Sunday, January 25, 2009

St. Augustine and John Newton: Influential Sinners

A study of the life of St. Augustine brings to mind the life of another man of historical significance--slave trader John Newton. Both men were alike in three ways: they led sinful lives while trying to avoid the truth of the gospel, they had godly mothers who cared about their spiritual conditions, and they both went on to write about their sinful pasts in the hopes of being a positive influence on the lost.

Like many young men living in the declining days of the Roman Empire, Augustine sought to indulge himself in as many selfish endeavors as possible while claiming to be searching for the truth. He abandoned the Christian teachings of his mother to pursue the cult-like religion of Manicheism. His religion allowed him to seek worldly pleasures while he supposedly searched for the truth, but after he read the Greek classics and still did not find satisfying answers, Augustine turned to Paul's gospel letters, and the change in his life began. Like Augustine, John Newton led a life made even more wicked by the fact that he committed every cruel act associated with slavery. He also rejected the Christian teachings of his childhood. Through a series of unfortunate circumstances, Newton was press-ganged into naval service and later endured abuse as the servant of a slave trader in Africa. He had been living as an "infidel and libertine" when a storm at sea forced him to turn to God. The Imitation of Christ by Thomas a'Kempis and the Bible began to have a strong impact on his spirit as Newton began to turn to the Lord.

It is said in Proverbs 22:6 that parents should "train up a child in the way he should go, and when he is old he will not depart from it." The mothers of Augustine and Newton believed in this and their efforts helped lead to their sons' salvations later in life.
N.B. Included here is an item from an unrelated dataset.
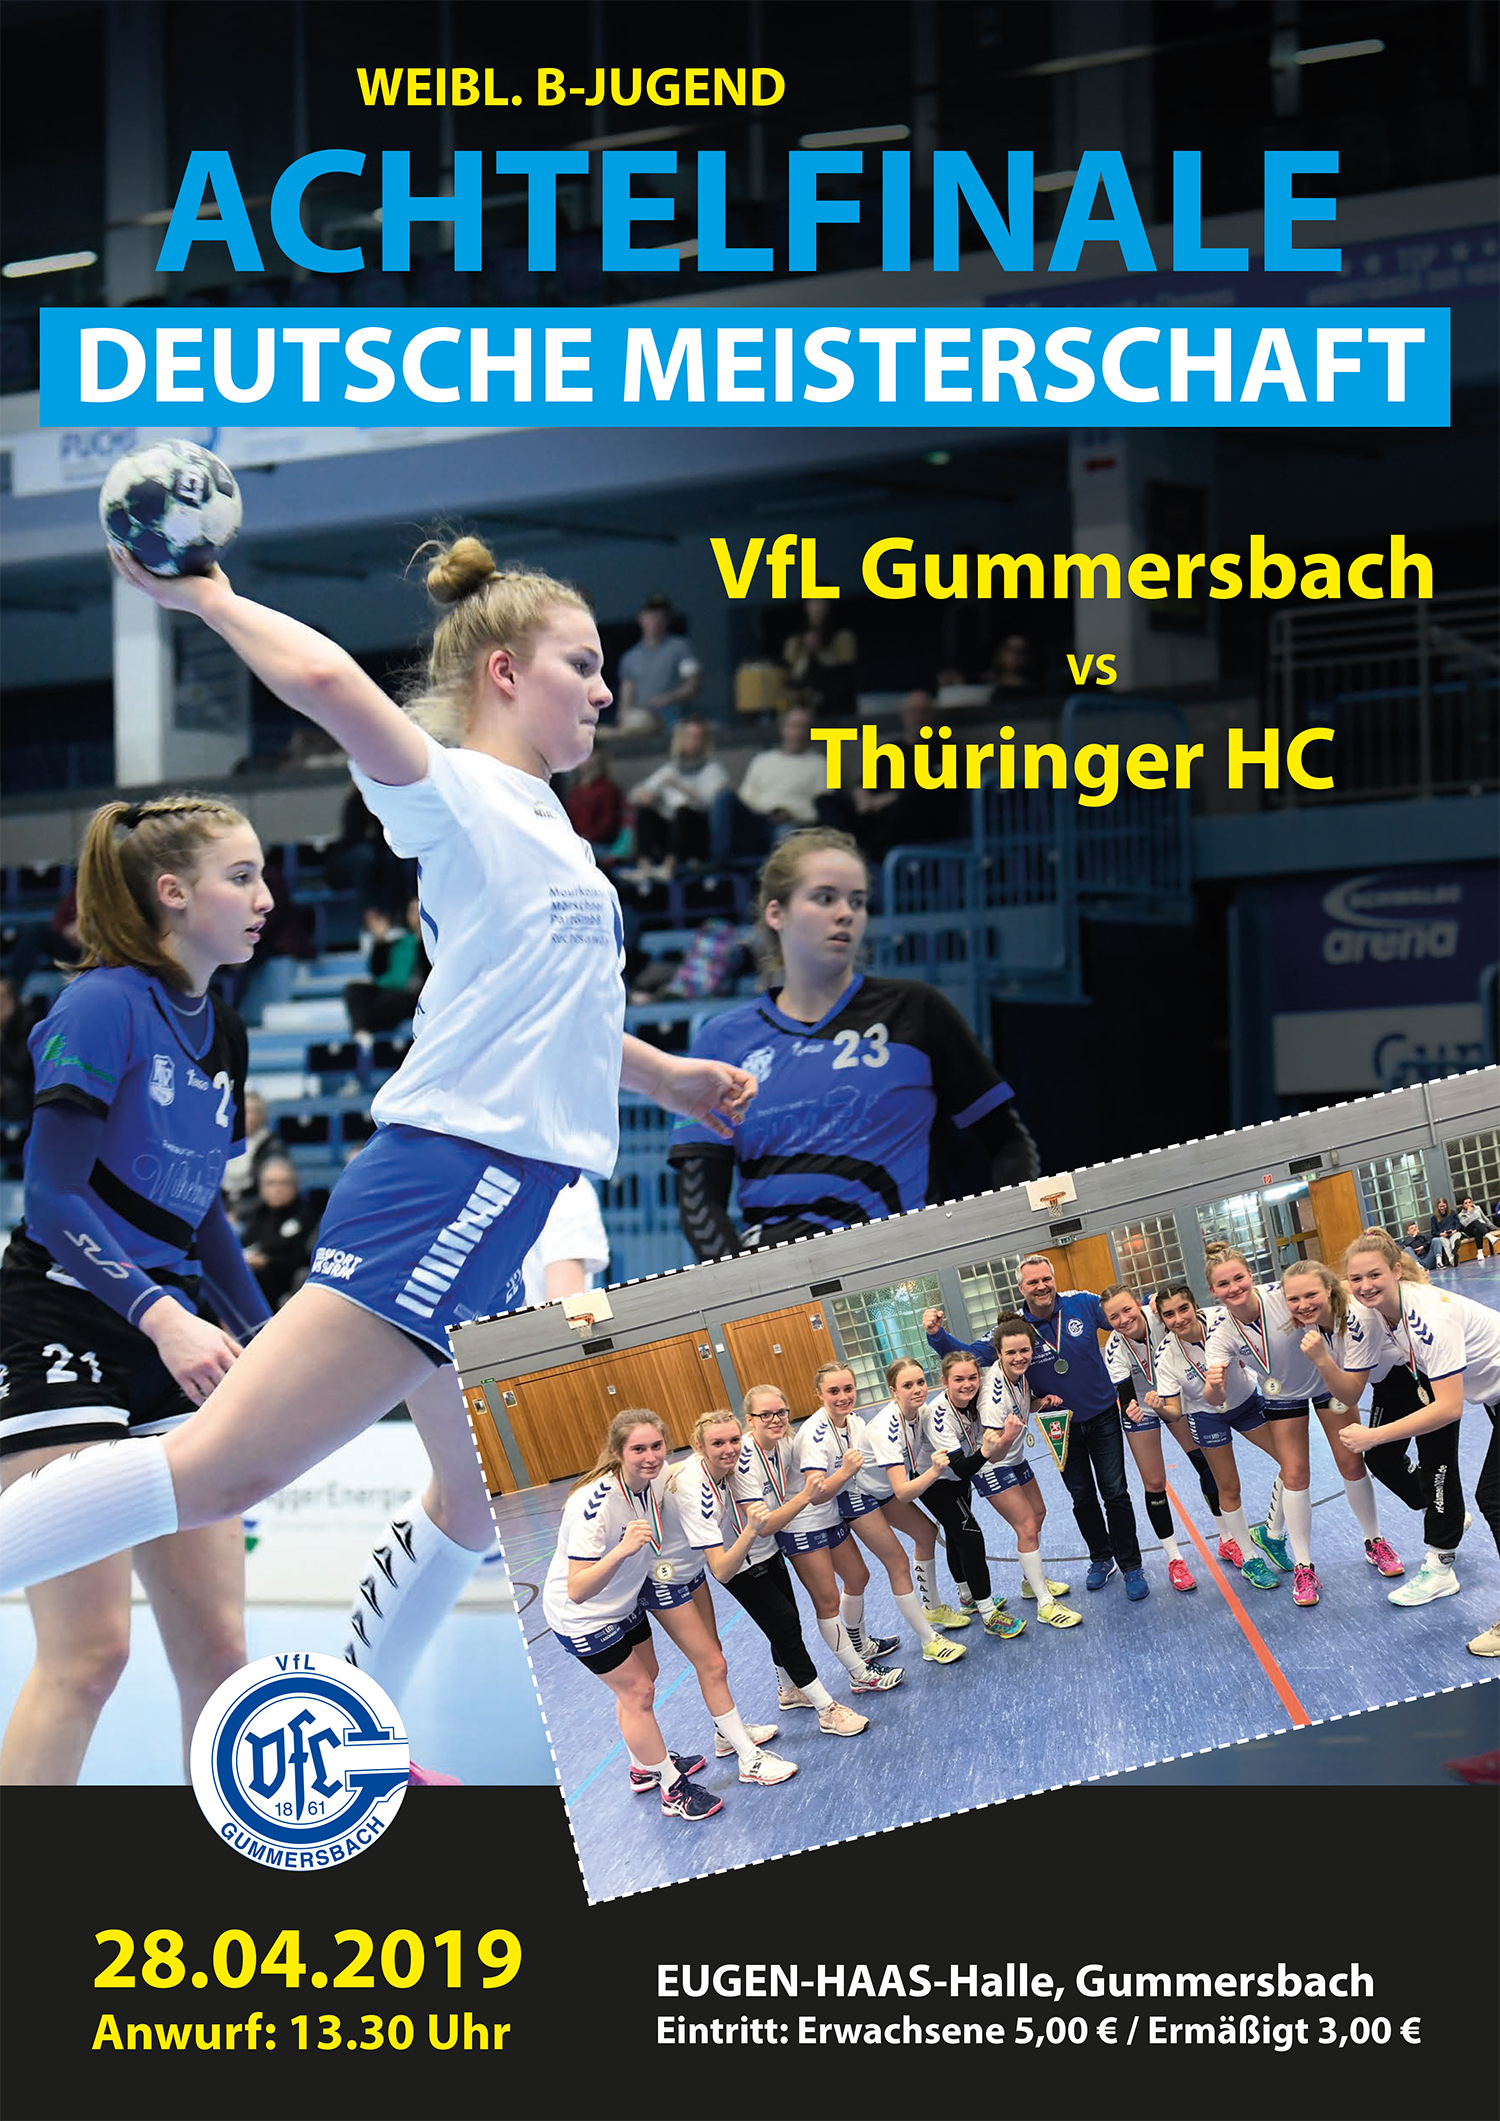 VfL Gummersbach e. V. |  Deutsche Meisterschaft Achtelfinale Weibl. B-Jugend

As Augustine's mother Monica watched her son drift farther from the faith she had taught him as a child, she grieved to think that he might never return to God. Augustine writes of her constant prayers and tears for him, saying that she "suffered greater pains" in his "spiritual pregnancy" than when she originally gave birth to him. He also writes of her ecstatic joy when her years of faithful prayers were finally answered when he chose to follow Christ. Newton was also blessed with a devout mother who knew the importance of teaching her son how to read Scripture and to memorize hymns and the Reformed catechism while he was quite young. Newton's mother died when he was six, and his father, stepmother, and others did nothing to encourage him in his faith. But the influence of those early Christian teachings could never be erased, even when he was living deeply in sin, and later the prayers of his future wife, Mary Catlett, helped lead him back to the God he had known as a child.
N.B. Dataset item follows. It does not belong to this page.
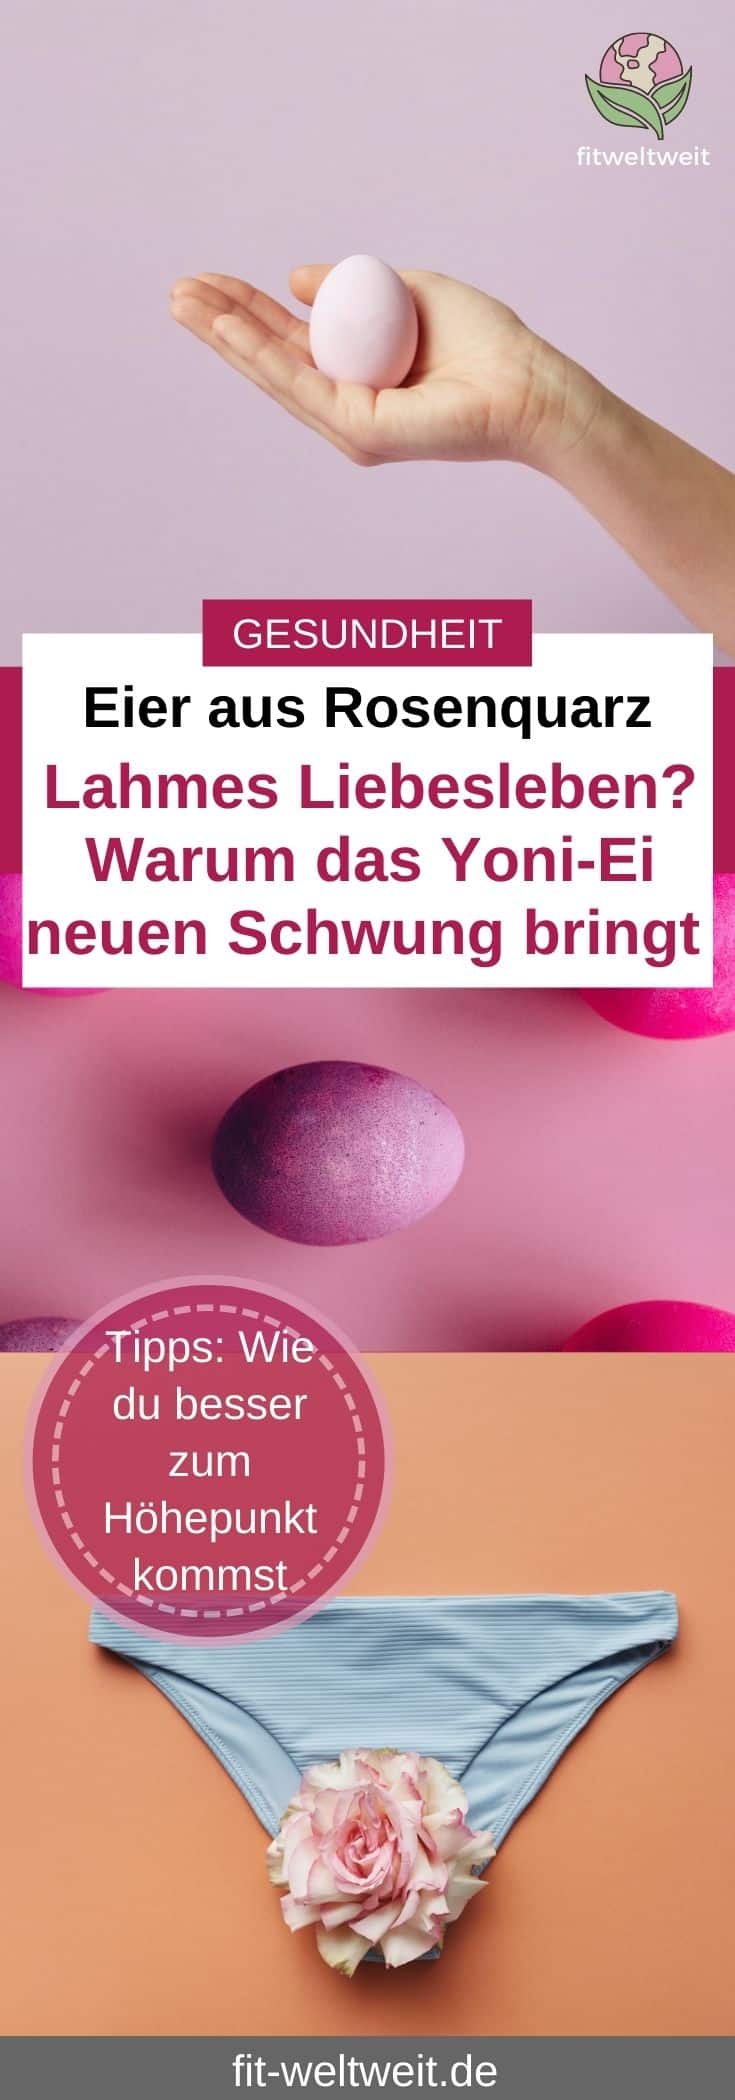 Yoni-Ei aus Rosenquarz - die Vorteile

Both Augustine and Newton felt led in their later years to to share with others how terribly they had fallen into sin and how great was the God who pulled them out and forgave them. Augustine wrote a detailed account of his past life in his Confessions. It reads like a letter or journal to God Himself, and because it is so deeply personal, Confessions is often considered the first true autobiography in literature (others had been written before but were not so personally revealing). Today theology students study the contributions of St. Augustine because of their great impact on Christian thought and doctrine. John Newton's most influential written work may not have the length of Augustine's, but the few verses of "Amazing Grace" are beloved around the world. Newton, along with some help from William Cowper, wrote many hymns, but the words of the lost, blind person in "Amazing Grace" are the ones that have touched more hearts than perhaps any other hymn in history. Not only did Newton influence millions with "Amazing Grace," but years after his slave trading days were over and he had become a respected clergyman, he also influenced Parliament to abolish the slave trade in England.

Augustine wrote that "those who are known to many are to many a personal influence to salvation." Both Augustine and Newton were infuenced by others and were an influence themselves, both good and bad. The same thing can be said of great literature as it continues to speak to us, and our words and actions today can be an influence for ages yet to come.